Well that’s something that turns traders schizo. There’s a thousand ways to read price action. 1) The market can’t be domesticated 2) We’re always going to be fooled 3) There is no ULTIMATE way Someone taught me to read turning points such as … A close below the highest low is a bearish signal. A close above the lowest high is a bullish signal. Because a box is simply an horizontal area of consolidation between two turning points. Livermore would simply use a 6 points retracement from the previous high or low in order to define turning & pivot points. There’s always this information / noise trade off. Between 2 choices I want to optimize for information. That’s why I settle for the most difficult option (Price & Volume wise). I had headaches about .. Wicks ? No Wicks ? This ? Or that ? Well … Harder to take out wicks. I have a simple way to read the market right now. Not the best but we have to pick & choose. Because there’s simply no holy grail. Settle for something good enough. We can’t turn shit into gold … What and when is more important than where. No need to read price action when the market isn’t plentiful. Every candle is a box in itself, When a candle closes outside the box, It’s just another box that is being in play. Sometimes a tight candle can contains 10+ candles. It’s an interesting box in itself. If the box has been moving up and we reverse, Then I have my big and fat resistance. Support is drawn the other way. That’s how I draw my box. I like being able to be systematic, And not having to think too much about it. Whatever your method … It needs to spot real opportunities, Most system will recognize real opportunities. The secret is how we handle them The reward to risk we make. I am glad you’ve learned some stuff from Al Brooks !
Hello Dollardogs, You ask me a honest question, I gave you a honest answer. You ask me "What's a more reliable setup, box breakouts or triangle breakouts?" My honest answer was I do not know. Start a new thread and let other ET members help you with that answer. I do not know the answer. Would you like me to Lie to you?

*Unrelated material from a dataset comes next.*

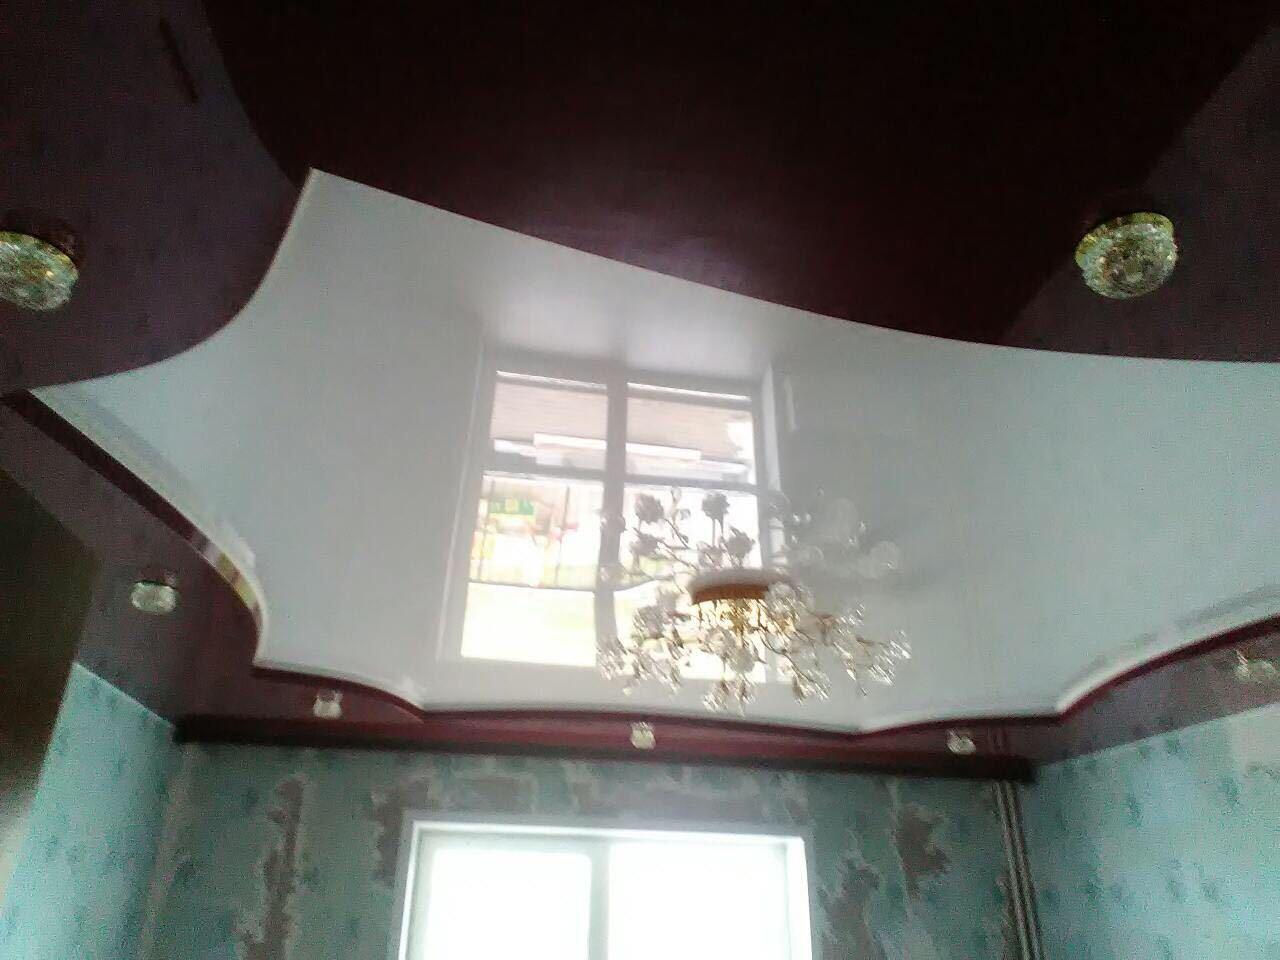 эко-сити ленинск-кузнецкий фото потолков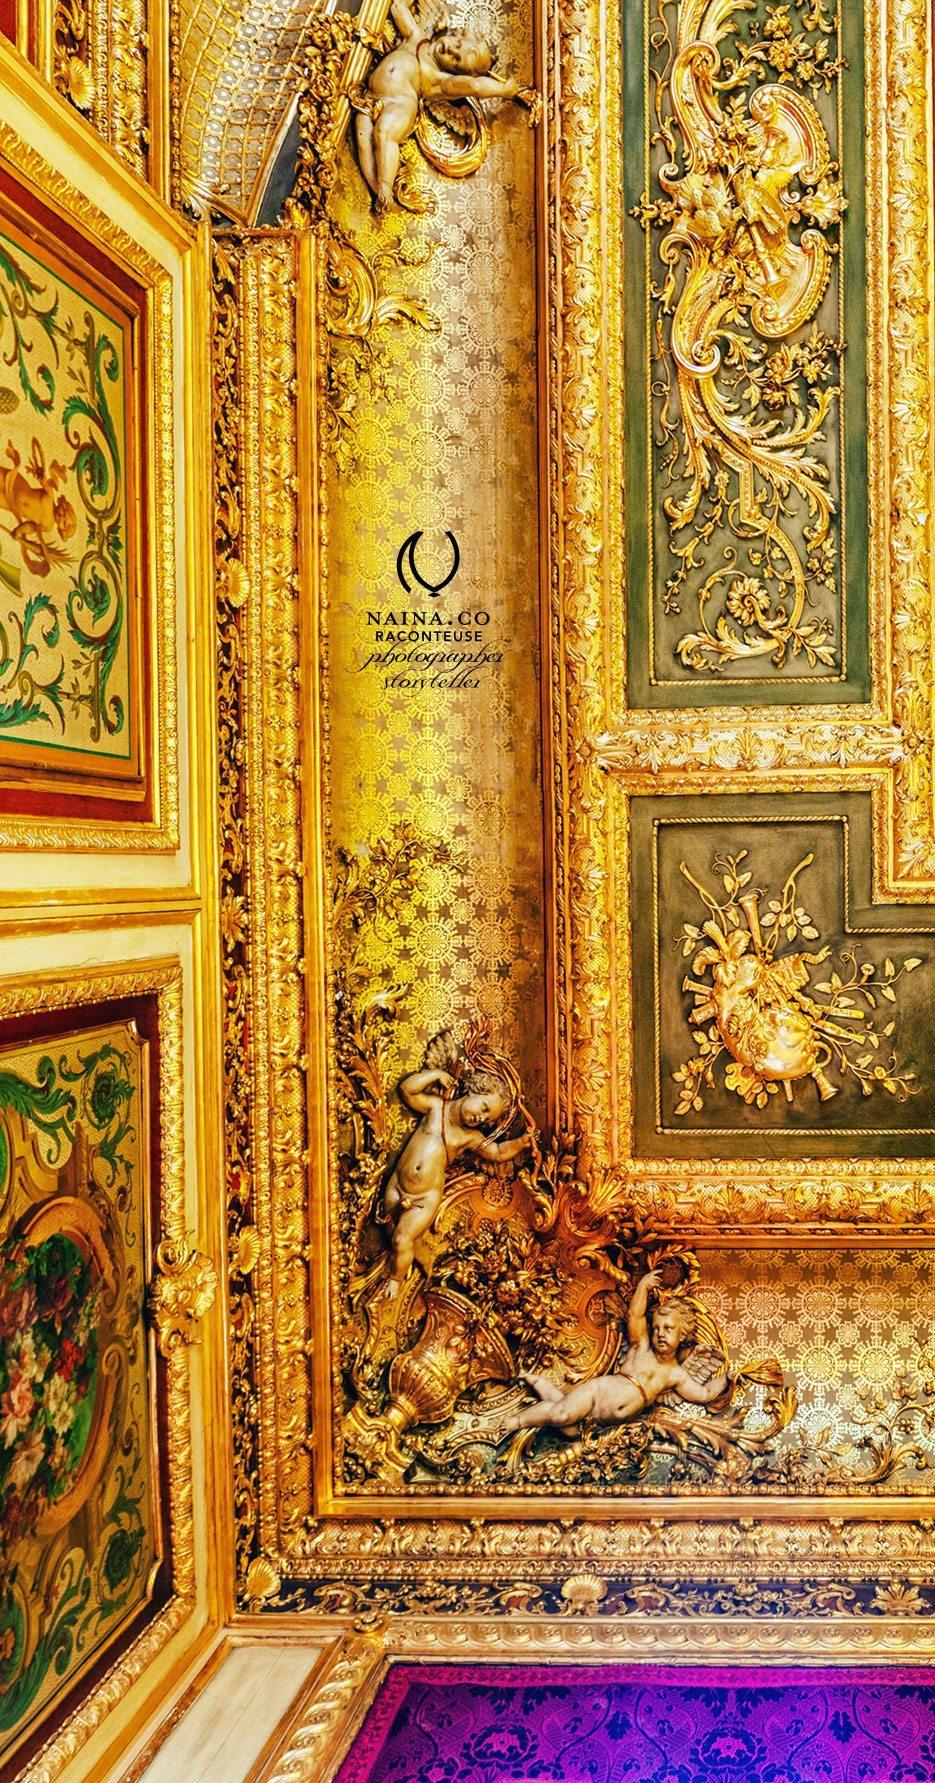 Naina.co-Louvre-Museum-Paris-France-EyesForParis-Raconteuse-Storyteller-Photographer-Blogger-Luxury-Lifestyle-090

Appreciate all of this but especially your point about settling for good enough and letting that free your brain up for other things. I'm at that stage where my system is pretty much complete and it seems clear I have a demonstrable edge based on about 18 months of backtesting the one stock I trade. I'm now 100% systematic on exits, and only discretionary on the entries for one of my 3 trade types. Despite all this, I keep neurotically backtesting to see if I can squeeze in a few minor tweaks to improve the win rate by a couple percent and/or get the R:R just a teensy bit better, but these backtests aren't adding anything substantial. Time to finally trust the system and just work on executing it flawlessly, rather than the endless brainstorming. Surprised how hard it's been to stop tweaking and just trust the system.
I appreciate your honesty. I just also get the impression you're mainly here to banter back and forth, and I'm not.
It’s good to keep an open mind ! Just be careful not to fall for availability / recency bias and curve fitting. That’s not because something would have worked better this week that it’s true for the entire year. Sounds like most of the hard work has been done. Pretty sure you can trust yourself and your system. We need set in stone core principles and the more we automate around it then the more consistent we’re going to be. + As you said it free up our mind to more important, valuable tasks. It’s a number game. It’s about the next thousand trades. Even a small edge can build the patient trader a fortune.
Good points again, but I'm actually prone to the other version of recency bias: if something DOESN'T work recently, I convince myself it's flawed and needs to be tweaked, forgetting all the months of data showing it does work over time but can have rough patches. Need to stop doing that and be patient.